Compressing Neural Networks Using the Variational Information Bottleneck

This poster introduces our work about compressing neural networks in a less formal fashion to help you gain a big picture of our work. For a formal version, please check our paper. You can also refer to the arxiv version for more technical details including all the proofs and mathematics.

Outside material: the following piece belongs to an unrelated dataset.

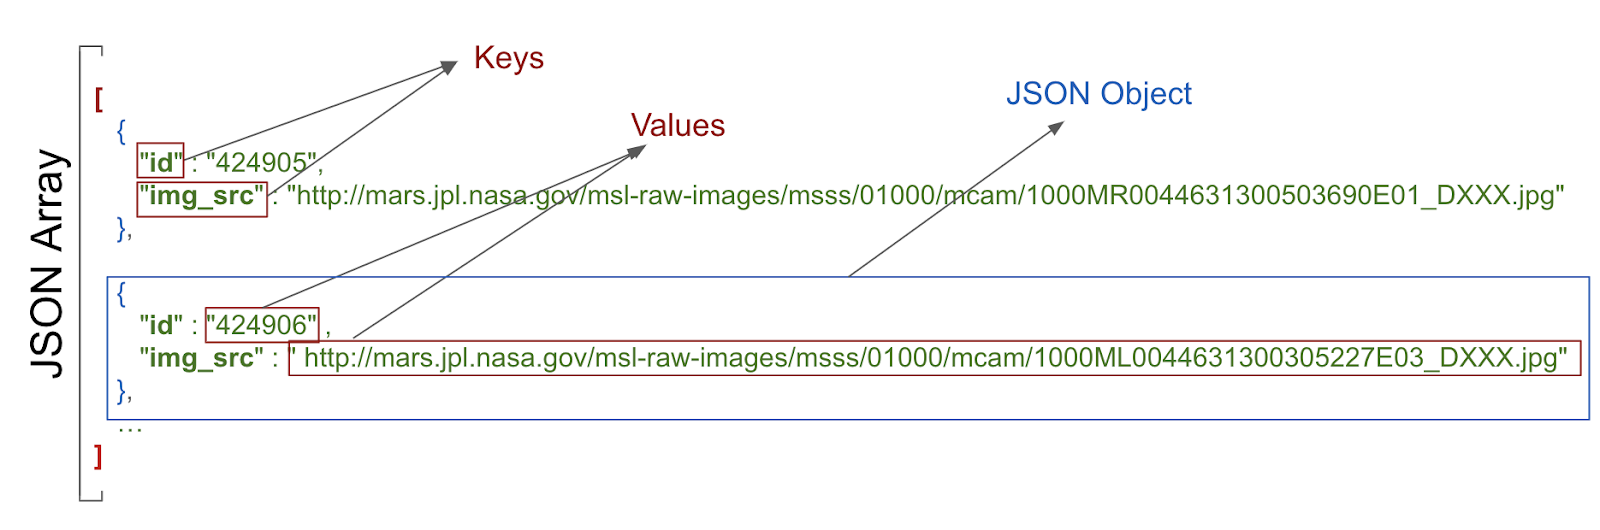 menampilkan nilai kunci dan objek JSON

If you are not interested in the theoretical/mathematical part, you can skip the objective derivation part and the theoretical analysis part. Though mathematical derivations are unavoidable in the theoretical analysis part, I will try my best to make it as simple as possible and give you an intuitive sense.

2. Background

Though deep learning is very successful in many application domains, it is also well-known that most of the popular networks are over-parameterized. The consequence of over-parameterization is often three-fold:

Unnecessarily large model size,
Computational cost,
Run-time memory footprint.

In this work, we try to compress the network in all the three aspects. Basically, the proposed method is a pruning method (check related work for other methods). We have an over-parameterized model. Then we use some kinds of regularization to prune the original model and obtain a much smaller one. In the literature, there are two kinds of pruning methods. The first one only prunes weight connections, as shown in Figure 1 while the second one prunes weight groups or neurons / filters, as shown in Figure 2.

Figure 1. Illustration of Pruning Weight Connections.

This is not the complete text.